The biggest-selling recordings were made by Les Baxter and Mindy Carson, both released in 1955.

==Recorded versions==
- Les Baxter (released by Capitol Records in the United States as catalog number 3120 and in Australia as catalog number CP-422, both with the flip side "I'll Never Stop Loving You").
- Rose Brennan (released 1955 by His Master's Voice as catalog numbers POP-112 (78 rpm) and 7M328 (45 rpm), both with the flip side "Ten Little Kisses").
- Pablo Beltrán Ruiz (released by RCA Victor Records as catalog number 20-6341, with the flip side "Love Is a Many-Splendored Thing").
- Jimmy Carroll's Orchestra with the Bell Ringers (released by Bell Records as catalog number 1105, with the flip side "The Yellow Rose of Texas").
- Mindy Carson (released by Columbia Records as catalog number 40537, with the flip side "Hold Me Tight"; re-recorded and released in 1960 by Joy Records (New York) as catalog number 236, with the flip side "When I Fall in Love").
- Bing Crosby recorded the song in 1955 for use on his radio show and it was subsequently included in the box set The Bing Crosby CBS Radio Recordings (1954-56) issued by Mosaic Records (catalog MD7-245) in 2009.
- Bethe Douglas (released September 1955 by Pye Records as catalog number N15007, with the flip side "How to Be Very, Very Popular").
- Four-in-a-Chord (released November 1955 by Embassy Records as catalog number WB158, with the flip side "Twenty Tiny Fingers").
- Joe Loss Orchestra (released 1955 by His Master's Voice as catalog numbers POP-118 (78 rpm) and 7M330 (45 rpm), both with the flip side "Button Up Your Overcoat").
- Lorrae Desmond released September 1955 by Decca Records in the United Kingdom as catalog number F 10612 with the flip side "You Should Know"
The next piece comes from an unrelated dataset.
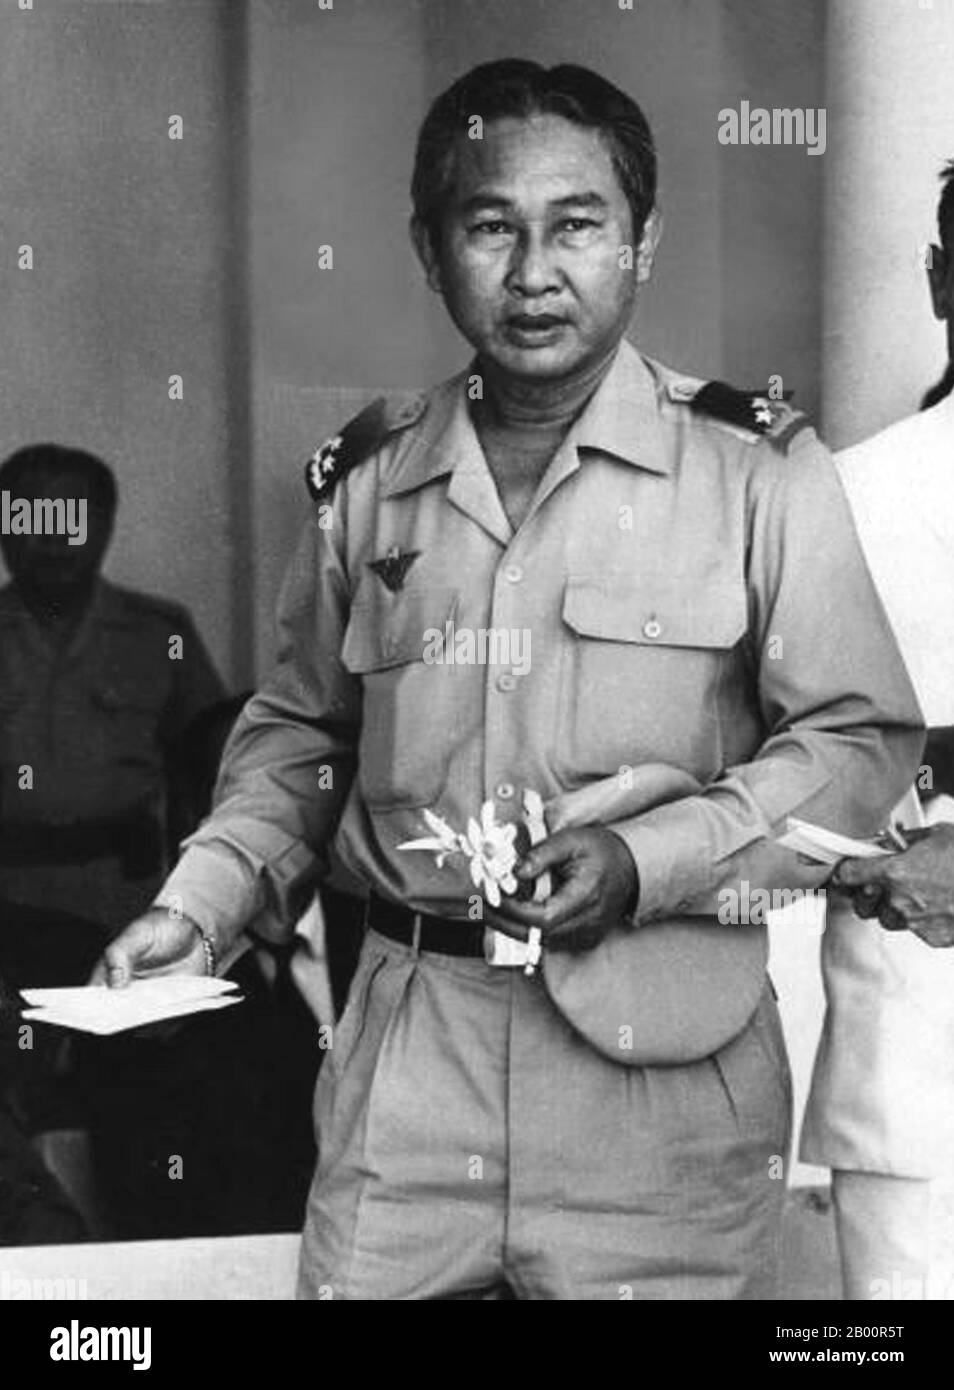 Cambodia: General Lon Nol led a military coup against Prince Norodom Sihanouk and became President of the Khmer Republic (1970-1975).  Lon Nol (November 13, 1913 – November 17, 1985) was a Cambodian politician and soldier  who served as Prime Minister of Cambodia twice, as well as serving repeatedly as Defense Minister. He led a military coup against Prince Norodom Sihanouk and became President of the Khmer Republic. Lon Nol fled Cambodia in April, 1975, first settling in Hawaii and then in Fullerton, California. He died on November 17, 1985. Stock Photo

- Dinah Washington (released by Mercury Records in the United States as catalog number 71876 and in Australia as catalog number 45434, both with the flip side "September in the Rain").
- Lawrence Welk (released 1955 in the United States by Coral Records as catalog number 61477 and in the United Kingdom by Vogue-Coral Records as catalog number 72102, both with the flip side "I Hear Those Bells").
- Erni Bieler had a German hit at #11 with the rendering "Lass die Welt darüber reden" in 1956: this version has also been recorded by Liane Augustin and Lolita.
- Ivo Robić recorded the song for inclusion on a 1957 four track EP single.